The rolling country south of London is called the stockbroker belt for the residents who pay 50% above the UK average to live in pristine villages. The advent of shale oil under their lawns may shatter the idyll.

Two areas of Surrey and Sussex hold 700 MMbbl of recoverable shale oil, or more than a year’s supply for Britain, the US Energy Information Administration (EIA) estimates. The advent of drilling near mansions in the Wessex and Weald basins may widen the nation’s shale-energy debate, which has focused on gas in northwest England, hundreds of miles from London.

“The rock in the Weald is splendid; it’s extremely good for shale oil,” said Fivos Spathopoulos, a visiting lecturer of petroleum geology at London’s Imperial College who studied the basin for about seven years. “If it works, it’ll be big but we won’t know exactly how big until we drill.”

Celtique Energie Ltd., backed by US private-equity firm Avista Capital Partners LP, is among companies seeking to pump shale oil in a geological area that’s similar to France’s Paris basin, where fuel reserves have been found. They’re attracted by UK government plans to give tax breaks to stimulate a shale industry that can buoy domestic supply as North Sea output dwindles and imports rise.

Celtique plans to drill a well next year at Fernhurst in West Sussex, where the average house price tops 471,300 pounds ($722,000), property website Zoopla shows. While hydraulic fracturing isn’t initially planned, Celtique may apply for such a license should it find shale oil, according to a presentation.

New Idea

“The reason why we’re excited by this position is it has multiple objectives for both conventional and unconventional” drilling, CEO Geoff Davies said in an interview in London. “It’s a new geological idea.”

While the Weald and Wessex basins aren’t virgin territory for drillers – companies including IGas Energy already produce crude from conventional wells – drilling deeper layers of rock and exploring shale deposits may “significantly” increase the area’s potential resources, Davies said.

The UK government said June 27 that shale-gas fields in northern England are twice as large as previously estimated, potentially big enough to meet demand for 47 years.
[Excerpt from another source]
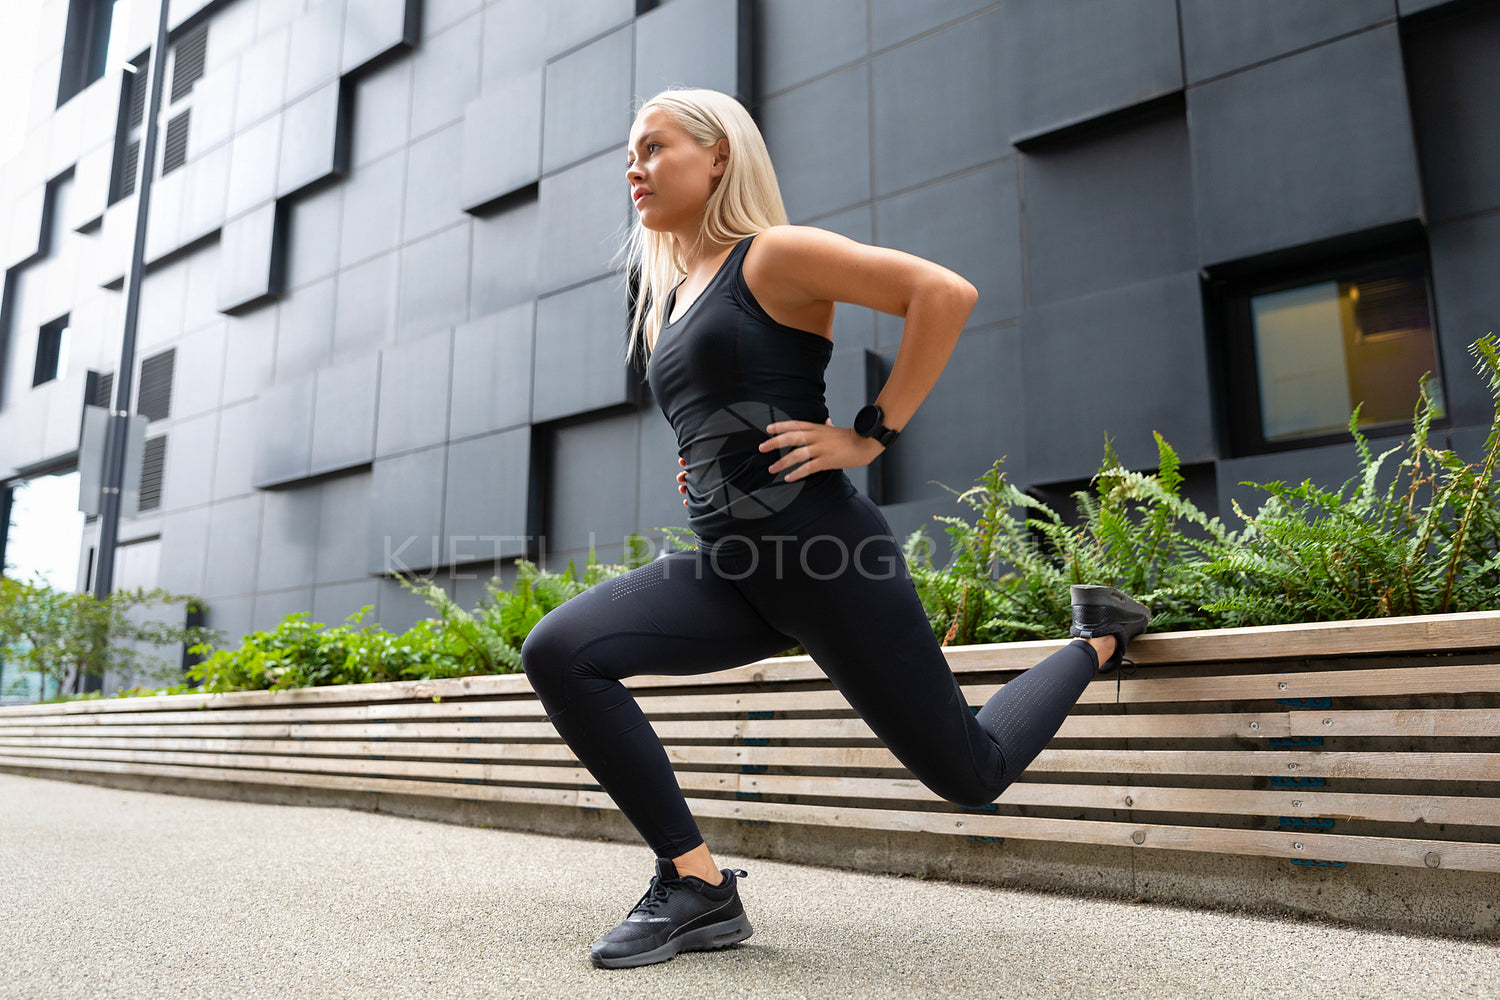 Close-up of Fit Woman Performing Lunge Workout Outdoor in the City
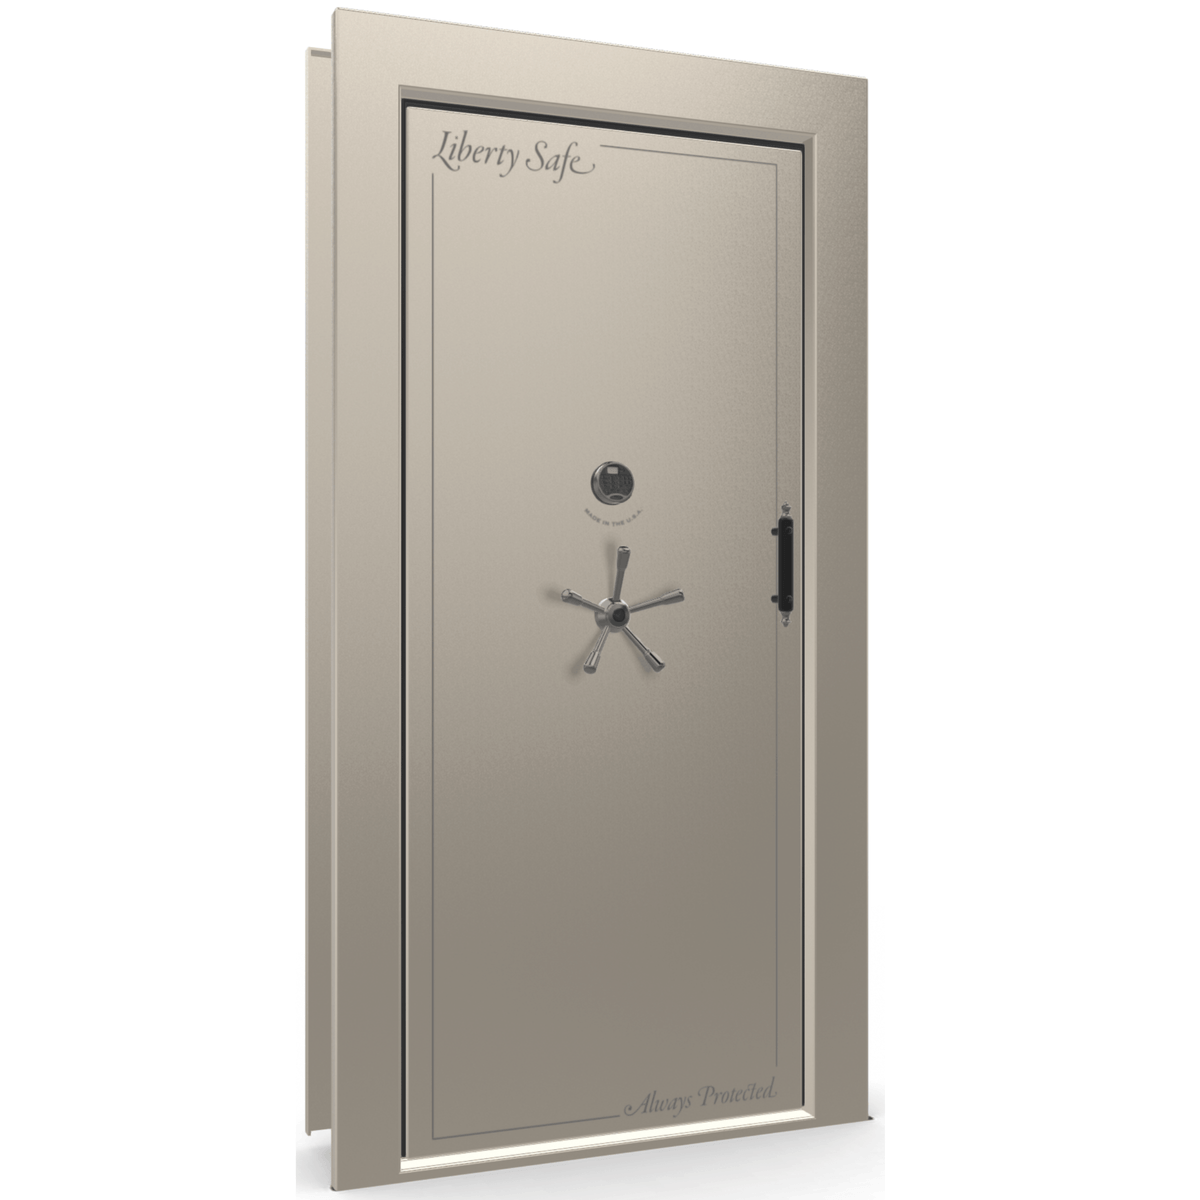 The Beast Vault Door in Champagne Gloss with Black Chrome Electronic Lock, Left Inswing, door closed.

It said explorers have promised incentives including a 1% share of production revenue to communities where shale gas is pumped.

Mirror US

Proponents of fracing say the benefits could mirror the US, where the exploitation of shale formations helped the country overtake Russia as the biggest producer of natural gas in 2009 and boosted crude oil output.

Yet the drilling technique, which involves blasting a mixture of water, sand, and chemicals underground to release fuel from rock, has raised the ire of environmental groups and residents who fear ground-water contamination.

“I have grave concerns about our water supplies,” said Anne Hall, a former county councilor in Balcombe in West Sussex, where driller Cuadrilla Resources Ltd. plans an exploratory well and “No fracking” signs are widespread. “The possible impact on surrounding towns and villages would be catastrophic.”

The concern is echoed in other villages in southeastern England, where house prices averaged 208,479 pounds in March, compared with a national average of 138,150 pounds across nine counties excluding London, according to the Land Registry.

Drilling Delay

While Cuadrilla says it isn’t initially planning to frac at Balcombe, drilling has already been set back after lobbying from Friends of the Earth prompted the regulator to insist on additional permits. The company has previously fraced in the northwest county of Lancashire, where two years ago it caused tremors that led to an 18-month moratorium on the practice.

Cuadrilla, chaired by former BP CEO John Browne, and Celtique reject suggestions that drilling in the Weald will be disruptive. The noise will be quieter than bird song, according to London-based Celtique. Cuadrilla’s site, no bigger than a soccer pitch, will be screened by woodland, the Lichfield, England-based company said.

While shale drilling in Lancashire has also faced opposition, the need for jobs in that region, traditionally a more industrial area, is a counterbalance to the protest, according to Imperial College Professor Richard Selley.

“By analogy with the US shale-gas experience, shale-gas production will be a big boost to employment,” Selley, of the Department of Earth Science and Engineering, said. “This will be of greater benefit to Lancashire than in the Weald due to far higher unemployment in the north of England.”